Repeat the listing exactly as given, omitting every image.

* **Material provided**

>>>>>

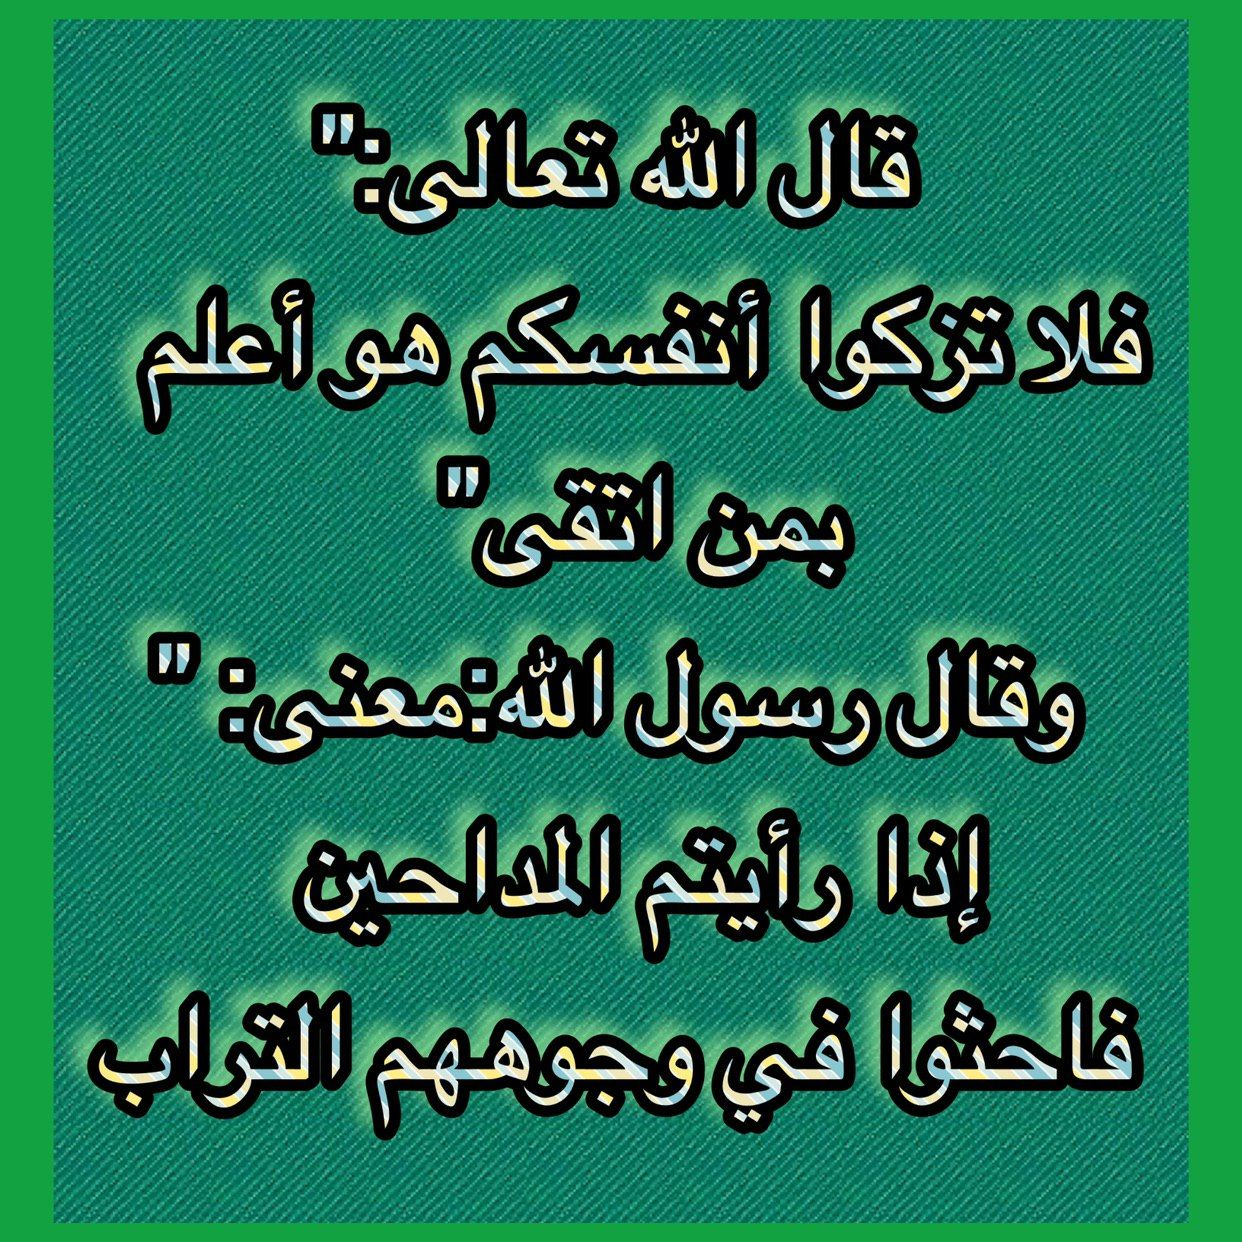 قال الله تعالى Arabic Calligraphy Calligraphy
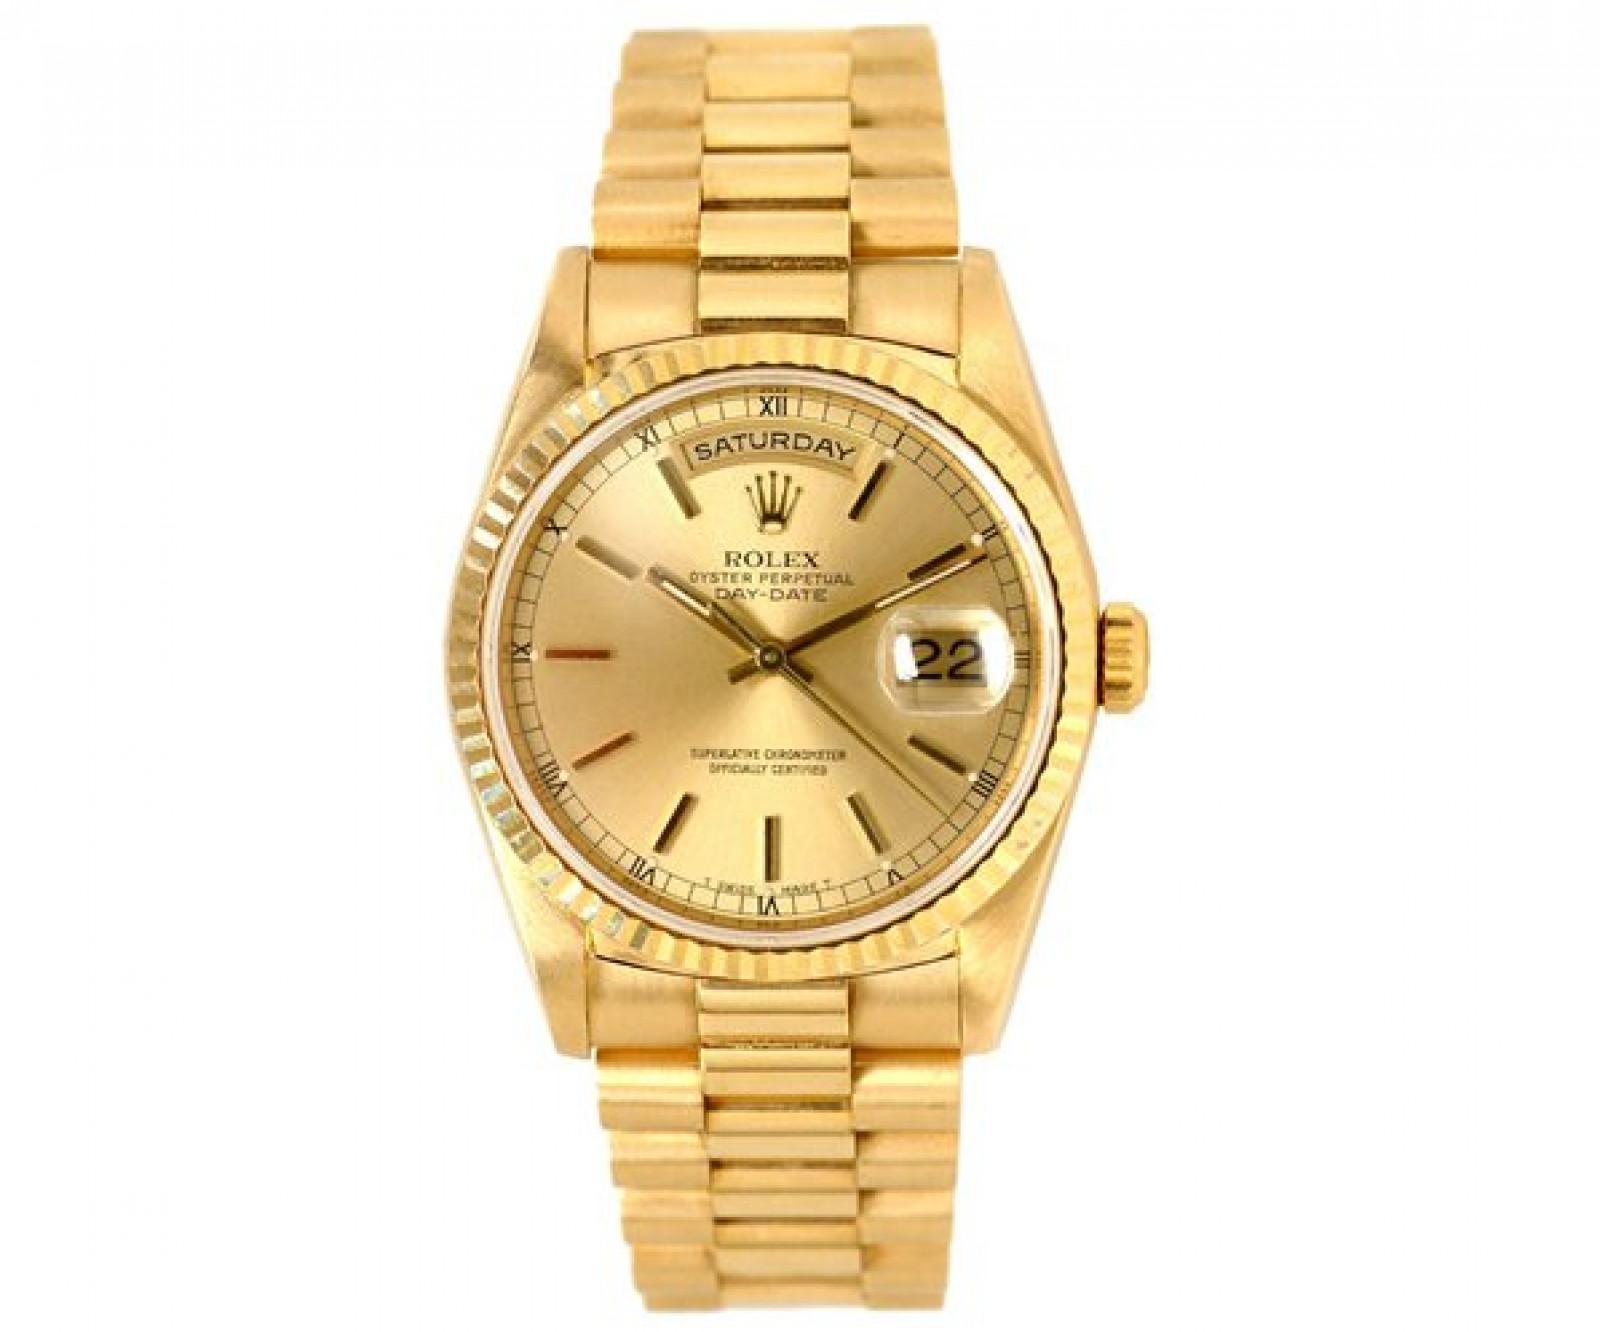 Rolex Day-Date 18238 Gold Champagne 1994
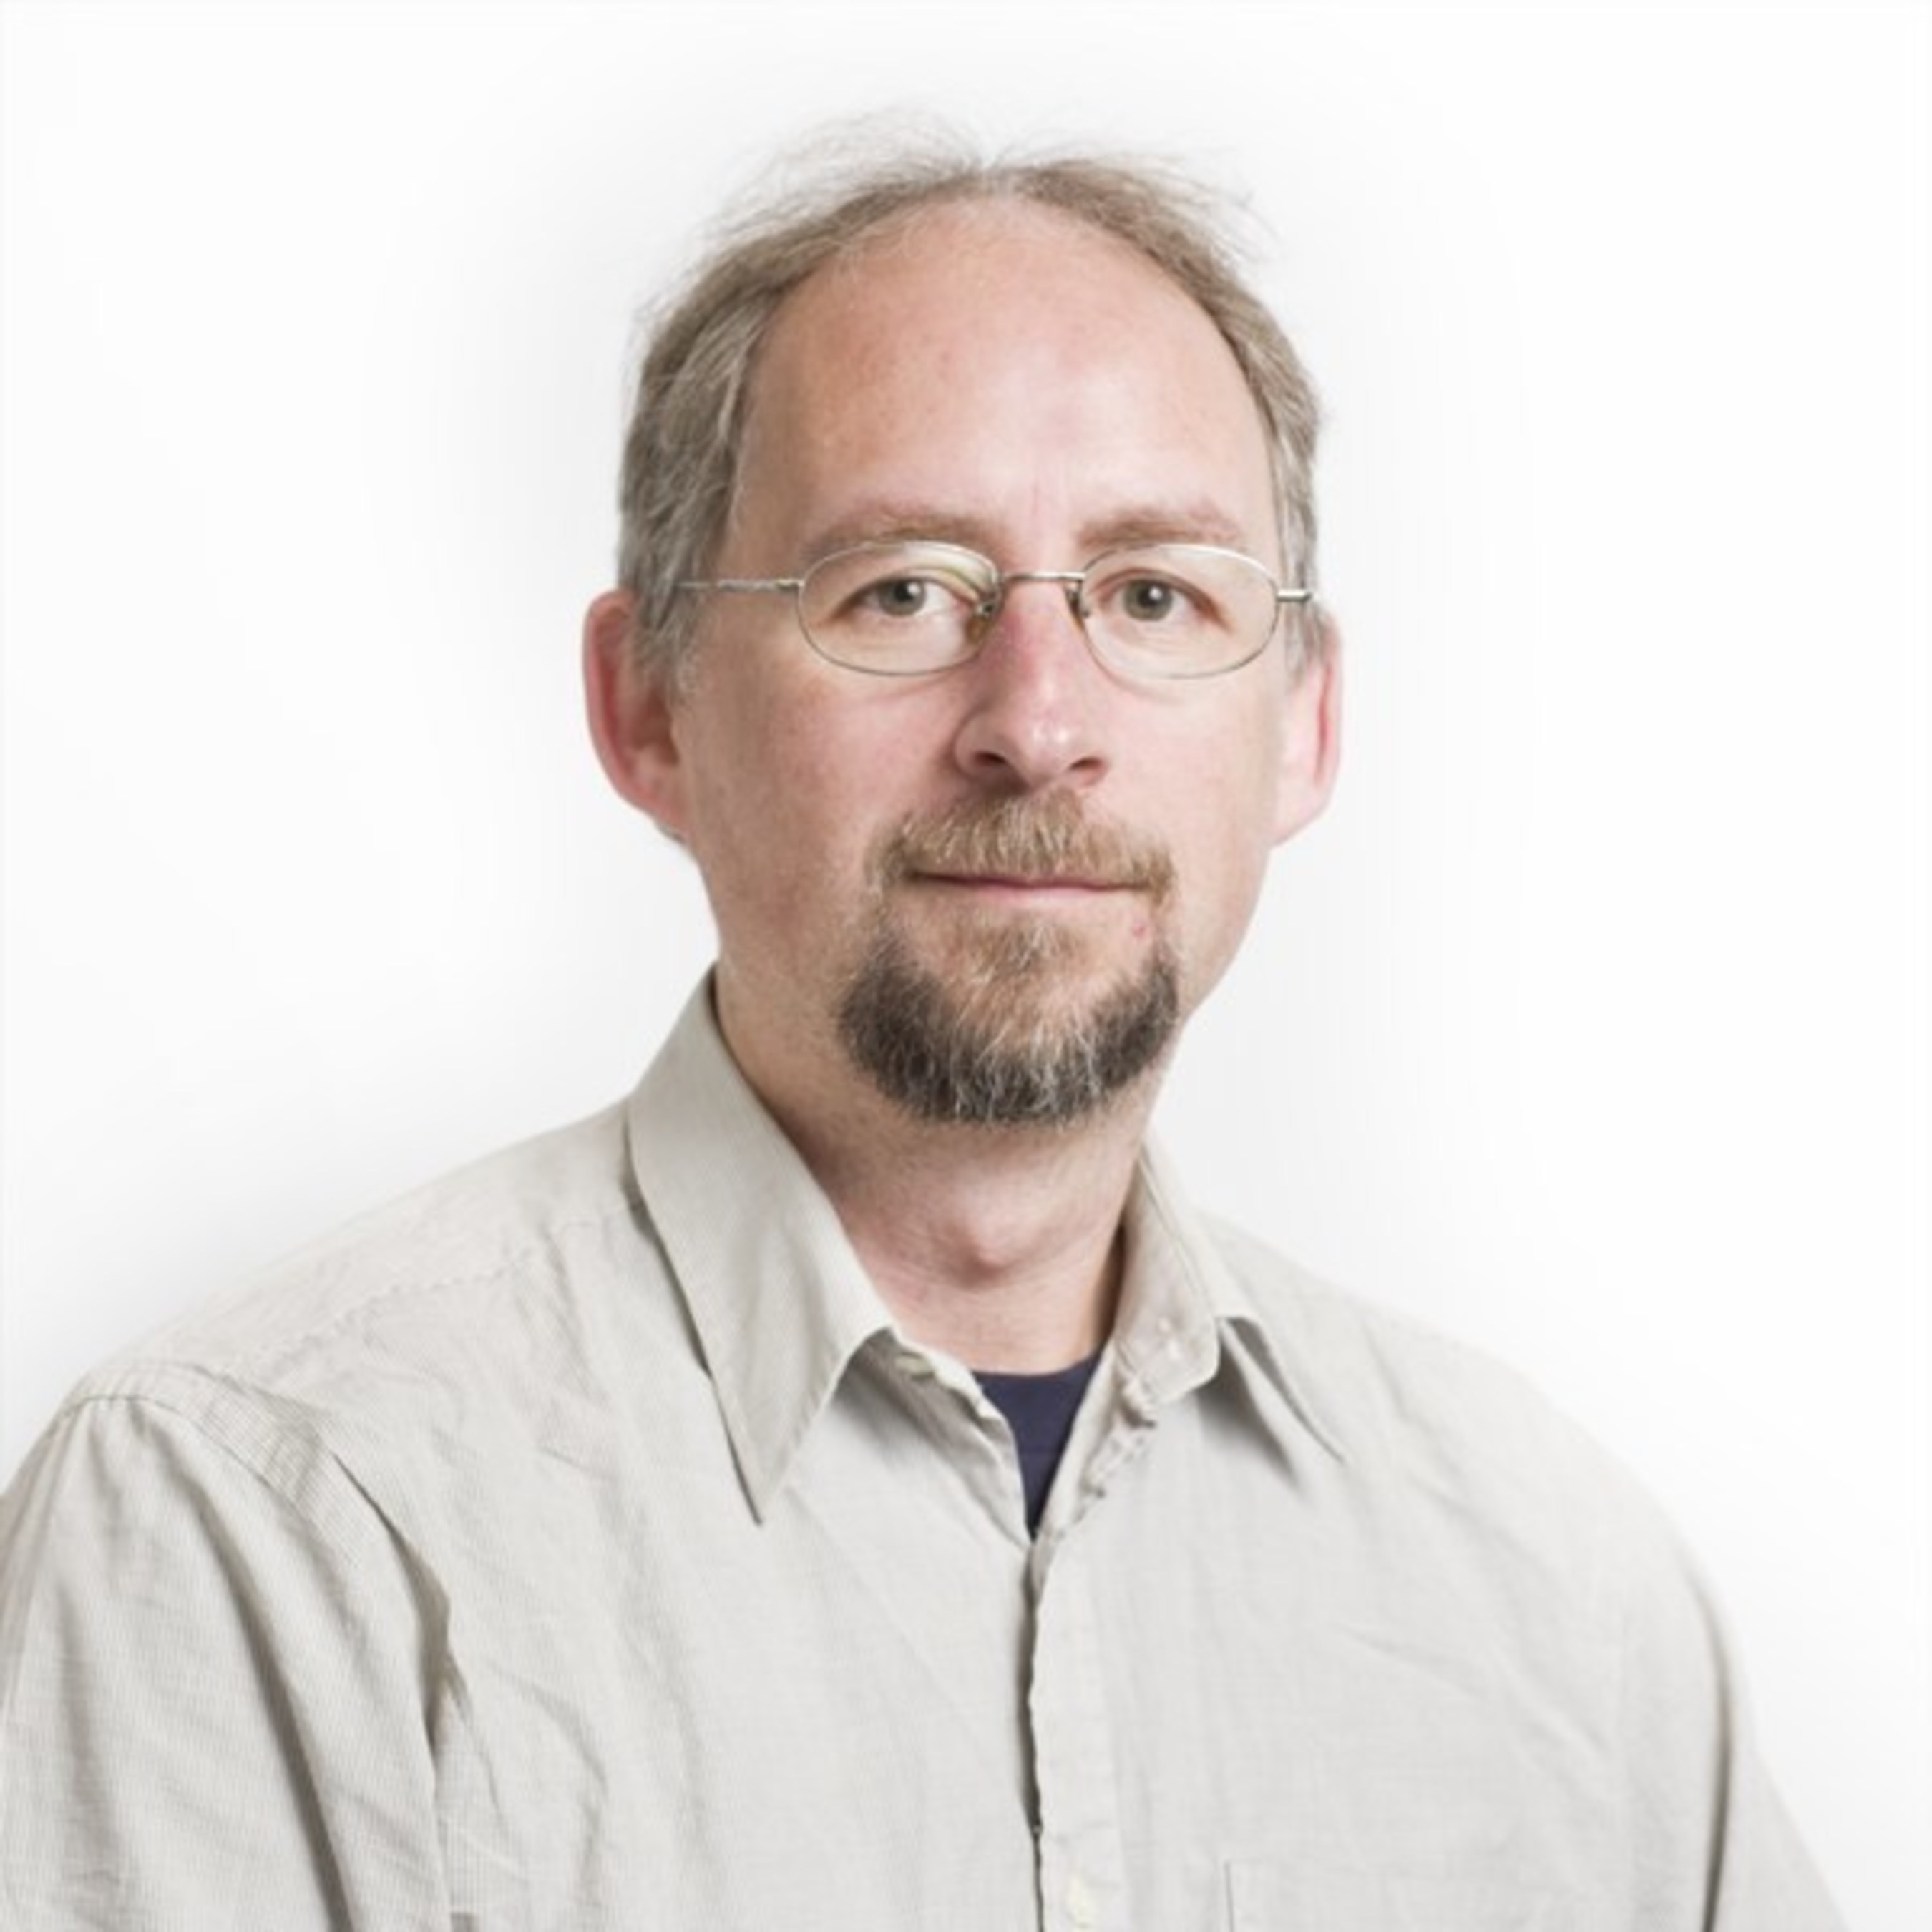 Dr. Adam Back, CEO, Blockstream

<<<<<

* **Task answer**
 قال الله تعالى Arabic Calligraphy Calligraphy
 Rolex Day-Date 18238 Gold Champagne 1994
 Dr. Adam Back, CEO, Blockstream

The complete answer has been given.